Declare program arguments in a type-safe way.

This project builds on top of argparse by adding type-safety and allowing a more expressive argument parser definition.

Example usage

from arcparse import arcparser, flag, positional
from pathlib import Path

@arcparser
class Args:
    path: Path = positional()
    recurse: bool = flag("-r")
    item_limit: int = 100
    output_path: Path | None

args = Args.parse()
print(f"Scanning {args.path}...")
...
Help output of this parser
usage: program.py [-h] [-r] [--item-limit ITEM_LIMIT] [--output-path OUTPUT_PATH] path

positional arguments:
path

options:
-h, --help            show this help message and exit
-r, --recurse
--item-limit ITEM_LIMIT
--output-path OUTPUT_PATH

For more examples see Examples.

Installation

# Using pip
$ pip install arcparse

Features

Credits

This project was inspired by swansonk14/typed-argument-parser.

Known issues

Annotations

from __future__ import annotations makes all annotations strings at runtime.

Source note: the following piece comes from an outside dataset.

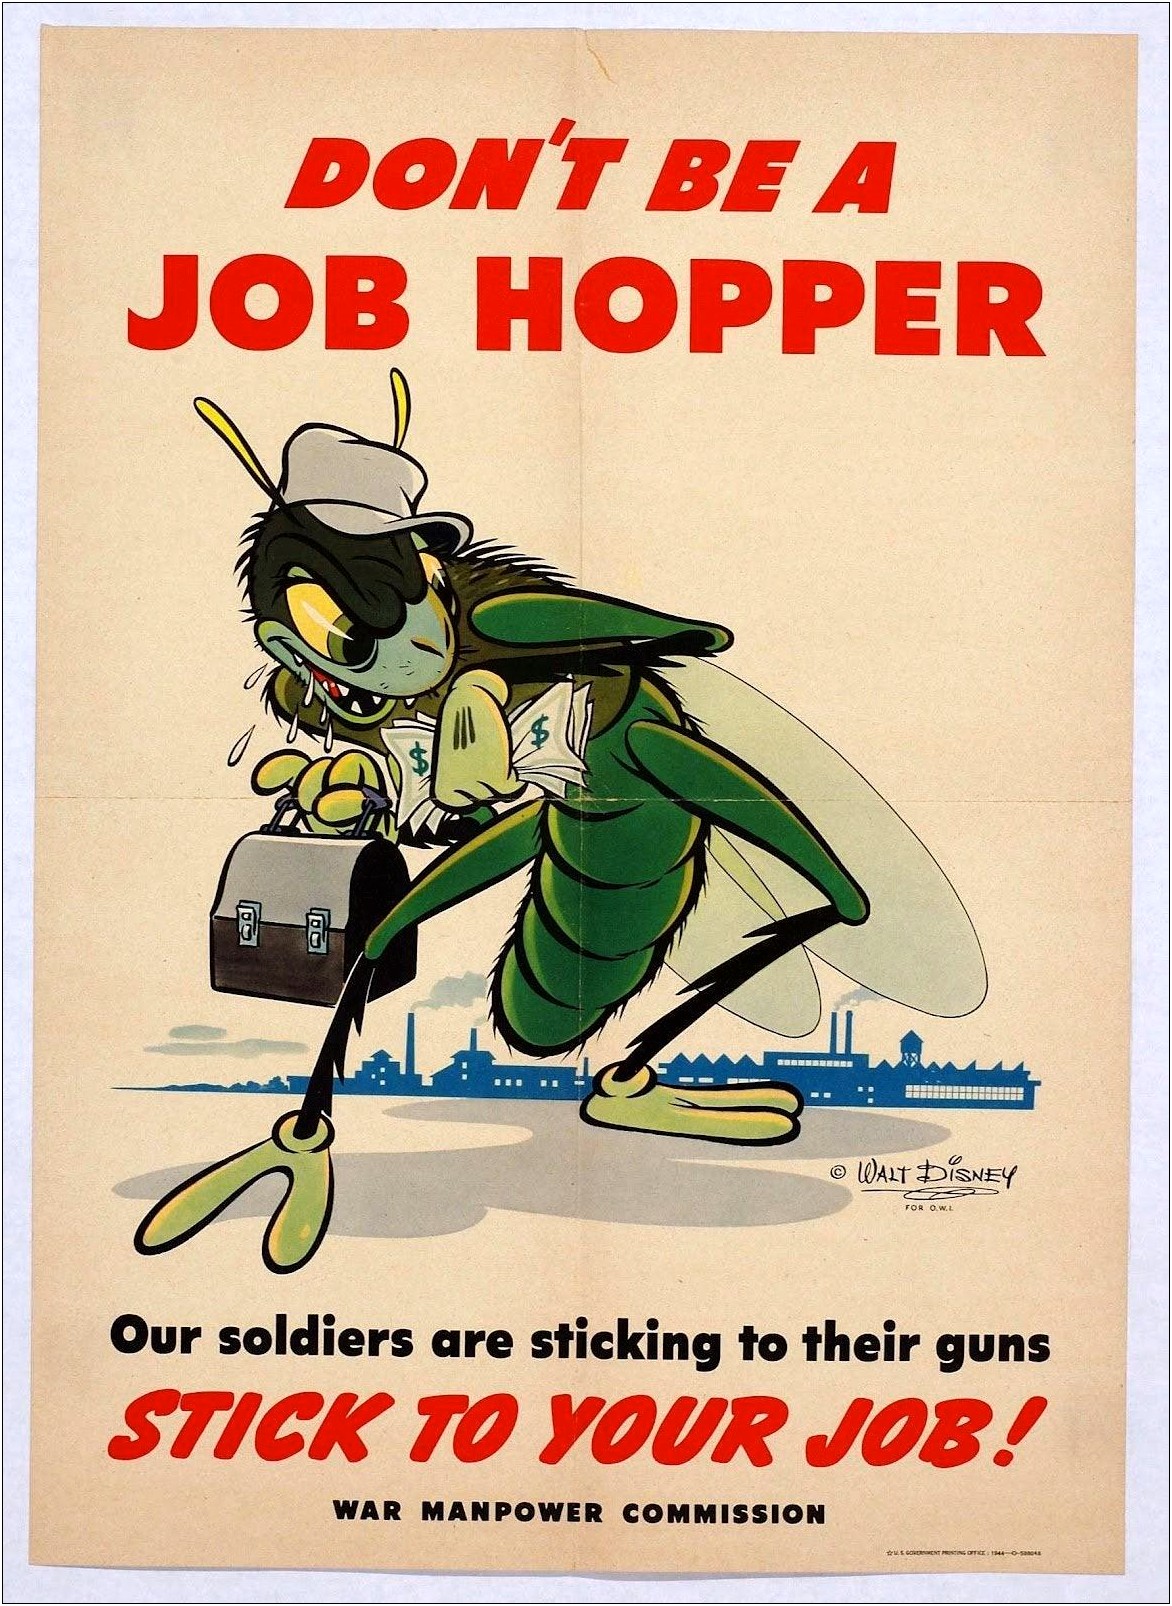 General Resume Summary For Job Hopper
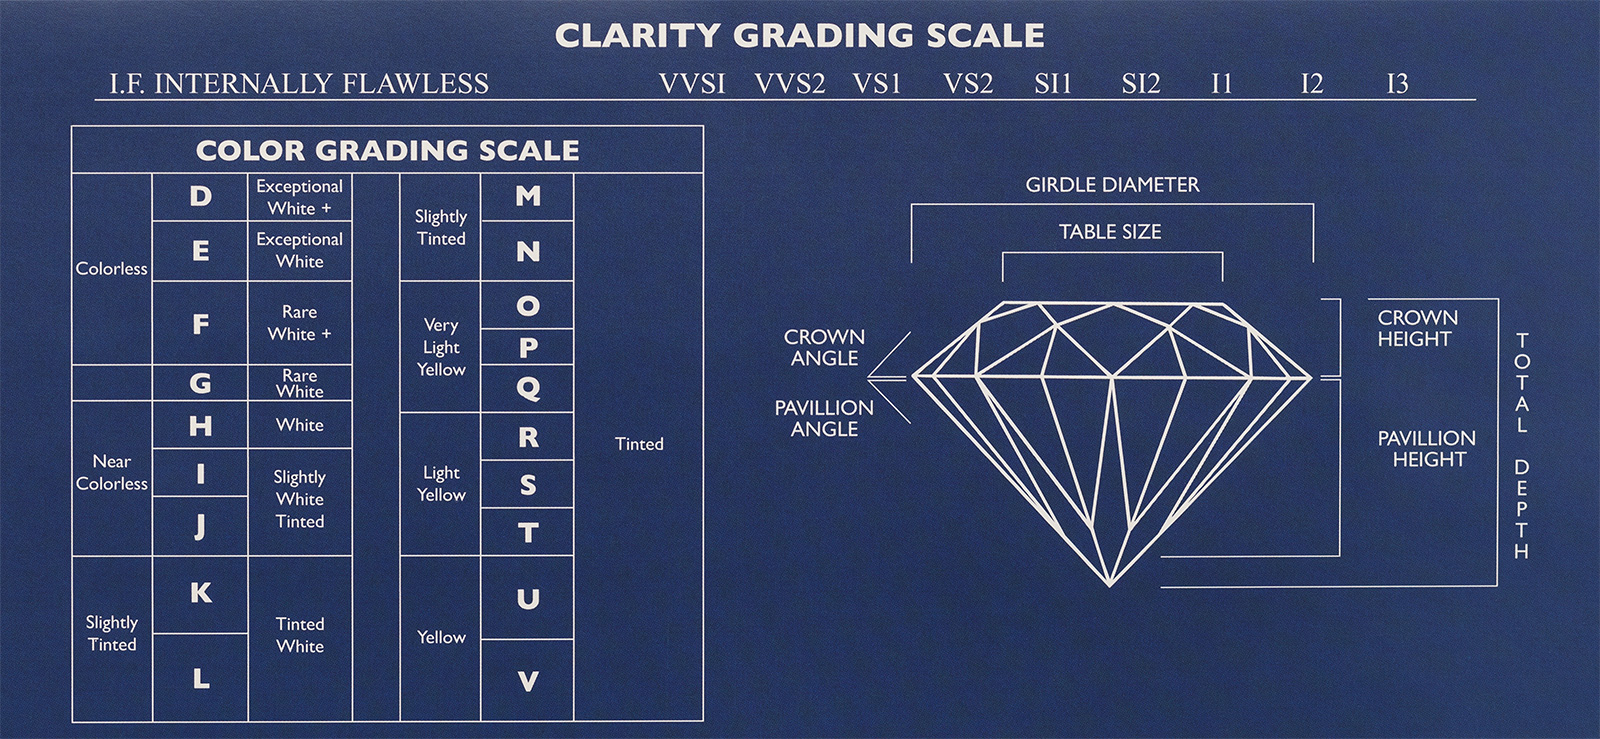 GIA Diamond Grading Scales: The Universal Measure of Quality - GIA 4Cs

This library relies on class variable annotations's types being actual types. inspect.get_annotations(obj, eval_str=True) is used to evaluate string annotations to types in order to assign converters. If an argument is annotated with a non-builtin type which is defined outside of the argument-defining class body the type can't be found which results in NameErrors. This is avoidable either by only using custom types which have been defined in the argument-defining class body (which is restrictive), or alternatively by not using the annotations import which should not be necessary from python 3.14 forward thanks to PEP 649.